The unit is on the road from 9 a.m. to 7 p.m. Tuesday through Friday mainly downtown, an area that often has more calls than the rest of the city. The department has seen a 10 to 15 percent increase in call volume during those hours, which Ehlers attributes to the influx of workers coming into the area.

Following the downtown pilot, the department will try out the unit for a month on the east side of Clearwater along the U.S. 19 corridor, where the peak hours are from noon and 10 p.m.

The unit — basically a Chevrolet Suburban decked out with lights, sirens, medical equipment and two paramedics — is staffed now by paramedics who volunteer for overtime, which is expected to cost about $30,000 for both trials. Depending on the results, Ehlers said he will pursue funding for the next fiscal year from Pinellas County, which contracts with 18 fire departments to provide emergency medical service.

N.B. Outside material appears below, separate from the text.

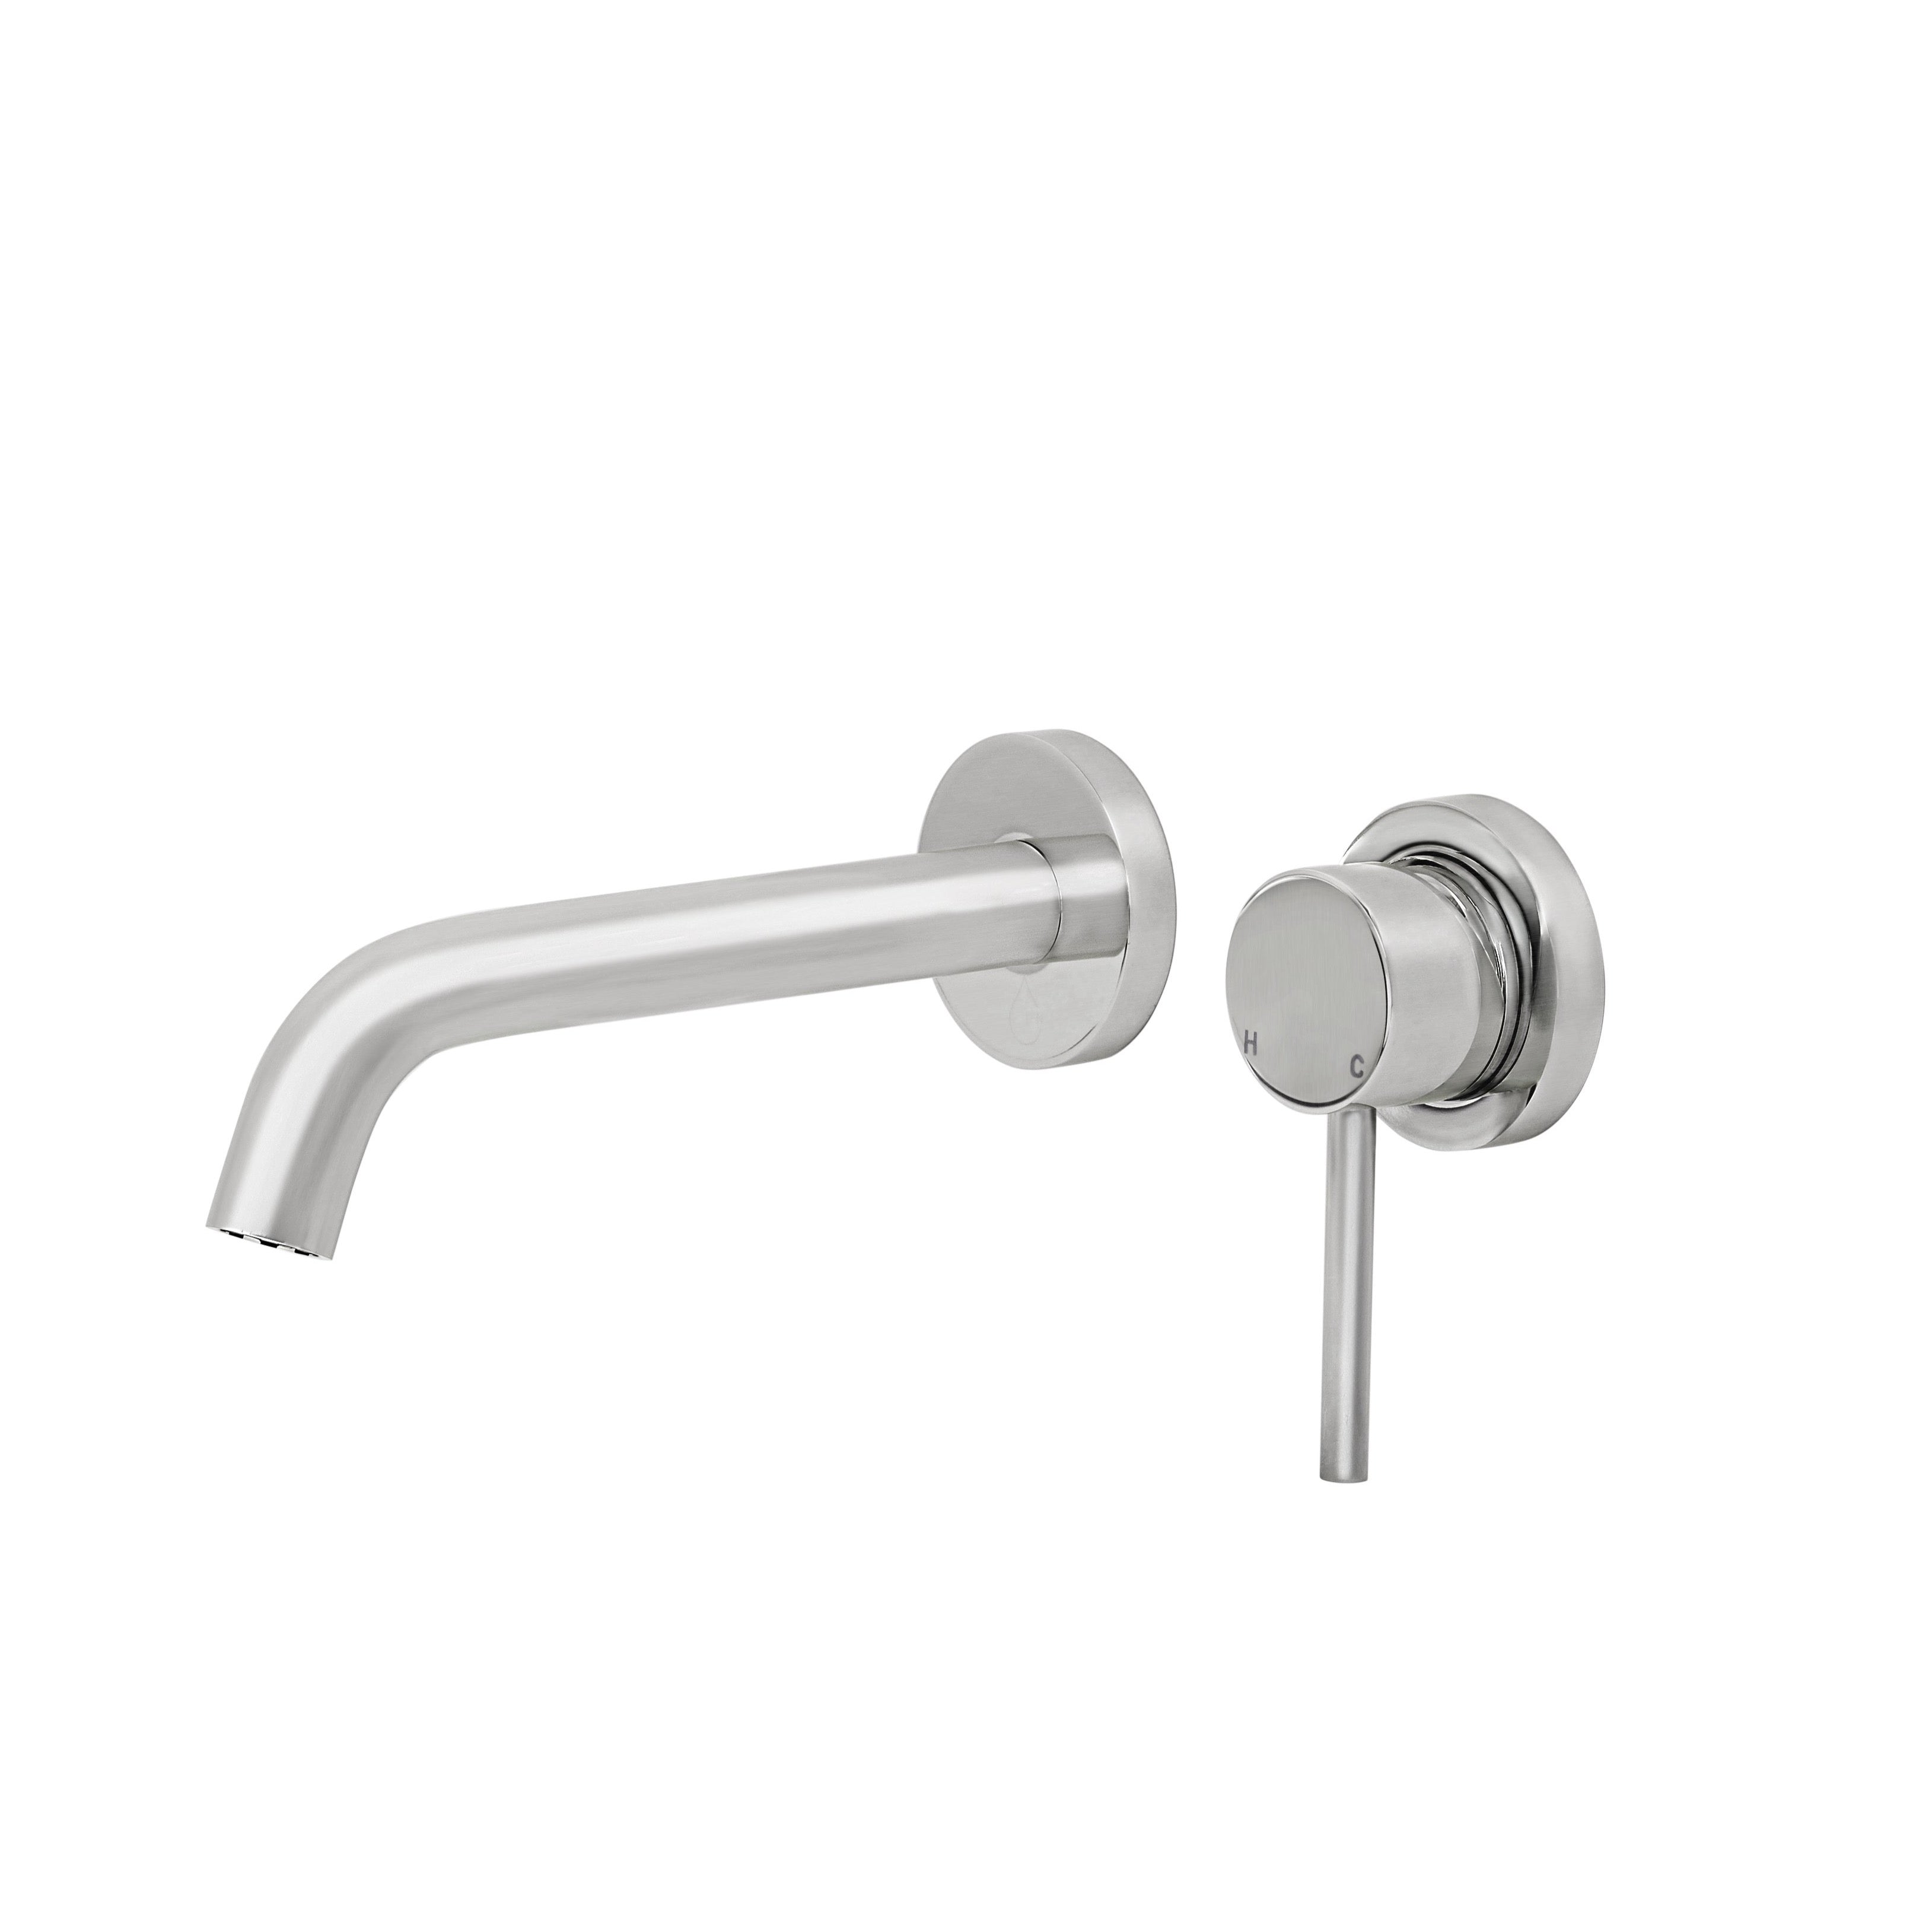 Bondi Pin Lever Wall Mixer Set with Curved Spout in Brushed Nickel

The early results of the pilot are promising: The unit runs an average of 12 to 15 calls per shift, Ehlers said.

That frees up the engine, ladder truck and rescue truck at Fire Station 45, which handles downtown calls, to respond to fires or medical emergencies that need more manpower. If those are free, units from other stations or even other departments that are obligated to respond if the closest station is tied up can get to emergency situations in their own territories more quickly.

"It becomes a domino effect," Ehlers said.

Officials from St. Petersburg Fire & Rescue came up with the idea last year while trying to determine how to combat a call volume that shot from about 42,000 to 51,000, or 17 percent, from 2012 to 2015. The department put two peak units on the road Jan. 1 in downtown St. Petersburg that have been successful so far, said spokesman Lt. Steve Lawrence.

Pinellas Park runs a similar unit in the area of 49th Street and Park Boulevard when there are enough paramedics on shift to staff it, said Chief Guy Keirn. If the trial results are positive, it's likely more will be deployed around the county, said Craig Hare, the county's director of EMS and fire administration.

On Tuesday, after the seizure call in Clearwater, the paramedics drove the peak unit back to their unofficial headquarters at the 7-Eleven on Court Street to wait for the next emergency.

They stayed long enough for Johnson to get in the shave he missed that morning after agreeing to take the shift. Then another call came in from a senior living community a half-mile away, and they were off again.